Idea: pronunciation tips on recording/playback screen

It’d be useful if we could long press or click on a word on the record/playback screen to get a link to Wiktionary’s pronunciation guide for that word. For example:

https://en.wiktionary.org/wiki/example#Pronunciation

This would make it easier to both add new sentences and review existing ones. Voice volunteer eyeballs on Wiktionary pages is likely to be a good thing for them too, and with enough coverage it could make an additional source of recording data. Everyone’s a winner!

Edit:

I’ve added this to GitHub as a feature request:

Thanks for the feedback!

In your opinion, what’s the current problem you are observing that you feel that this solution would be useful to solve? How important is this problem and do you have any intuitions on why this is a problem?

Framing this as a problem statement would help us better understand it and see where to put it in our roadmap (if possible).

Thanks!

In your opinion, what’s the current problem you are observing that you feel that this solution would be useful to solve?

I often see unfamiliar words and I’m not sure how to pronounce them. So when recording I either skip the sentence, or I give it my best shot. When reviewing I usually assume that the reader is correct.

How important is this problem

I don’t think it’s an enormous problem, but suspect that example pronunciations would help the quality and breadth of the data.

and do you have any intuitions on why this is a problem?

I think this is likely to result in sentences being added that have been read incorrectly. If I understand correctly, it’s very useful to have words that are commonly pronounced differently due to accent, but words that are mispronounced due to them being unfamiliar to the reader are, useless at best and damaging at worst.

1 Like

When validating, I approve a clip with an obscure word if I look at that word and feel that the user has made a reasonable pronunciation attempt that is either close to a similarly-spelled word or obeys general English language rules.

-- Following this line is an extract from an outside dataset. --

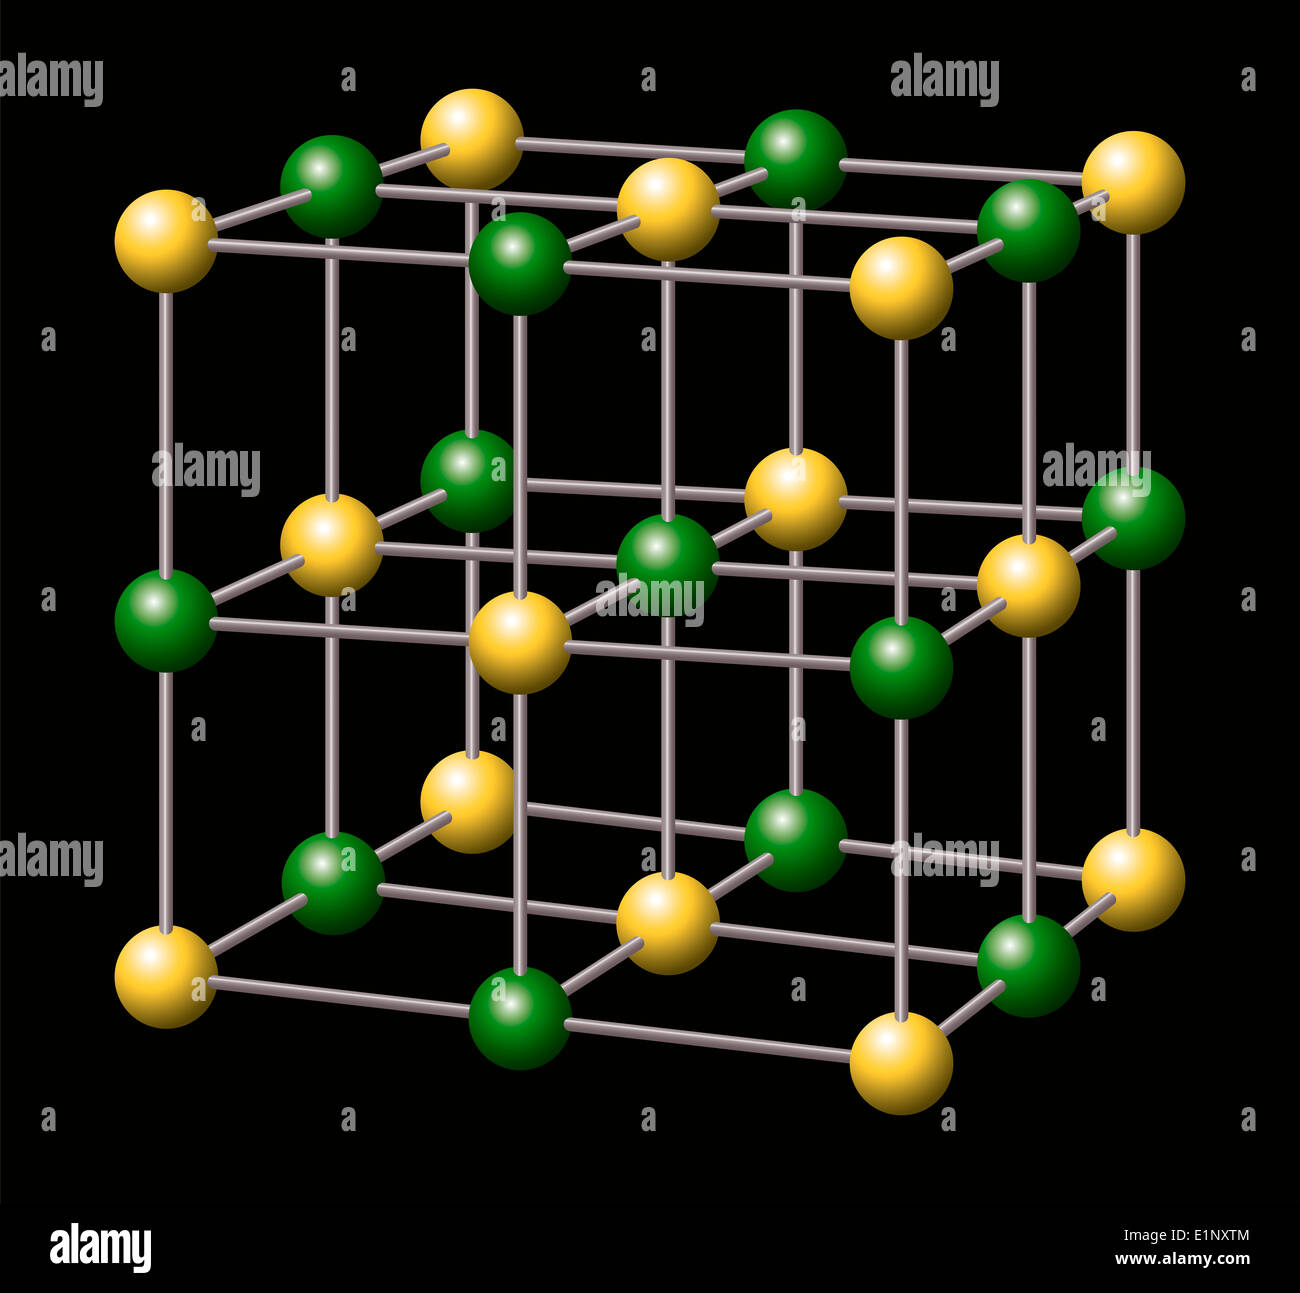 Natrium-Chlorid - NaCl - Salz - Natrium und Chlorid-Ionen bilden dreidimensionale kubischen Kristallstruktur von Natrium-Chlorid Stockfoto

If it’s really obscure, phonetic pronunciation can be ok too IMO.

But I’m working to remove those kinds of sentences so hopefully unpronounceable words will be a far less frequent occurrence.

1 Like

As @dabinat commented, we try to avoid extremely complex words to be listed, this should help with the problem you are commenting.

Can you clarify how often is “often”? Out of 100 clips, how many are you finding in this situation (estimated average from your observations).

Thanks!

It’s actually got a lot better recently. I assume it’s because of the work to remove complex words.

What I’ll do is, I’ll make a note of where I’m up to, and count how many times I’ve pressed skip, then come back to you with an actual percentage figure in a week or so.

I just recorded 55 and skipped 10. So about 15% for someone with my vocabulary and reading comprehension.

I’m not very well traveled but I am pretty technical, if that’s of relevance.

I’ve found that sentence quality seems to vary because they’re randomly selected. So sometimes you’ll get a run of very straightforward, simple sentences and other times you’ll get a whole series of foreign place names or scientific terms one after the other.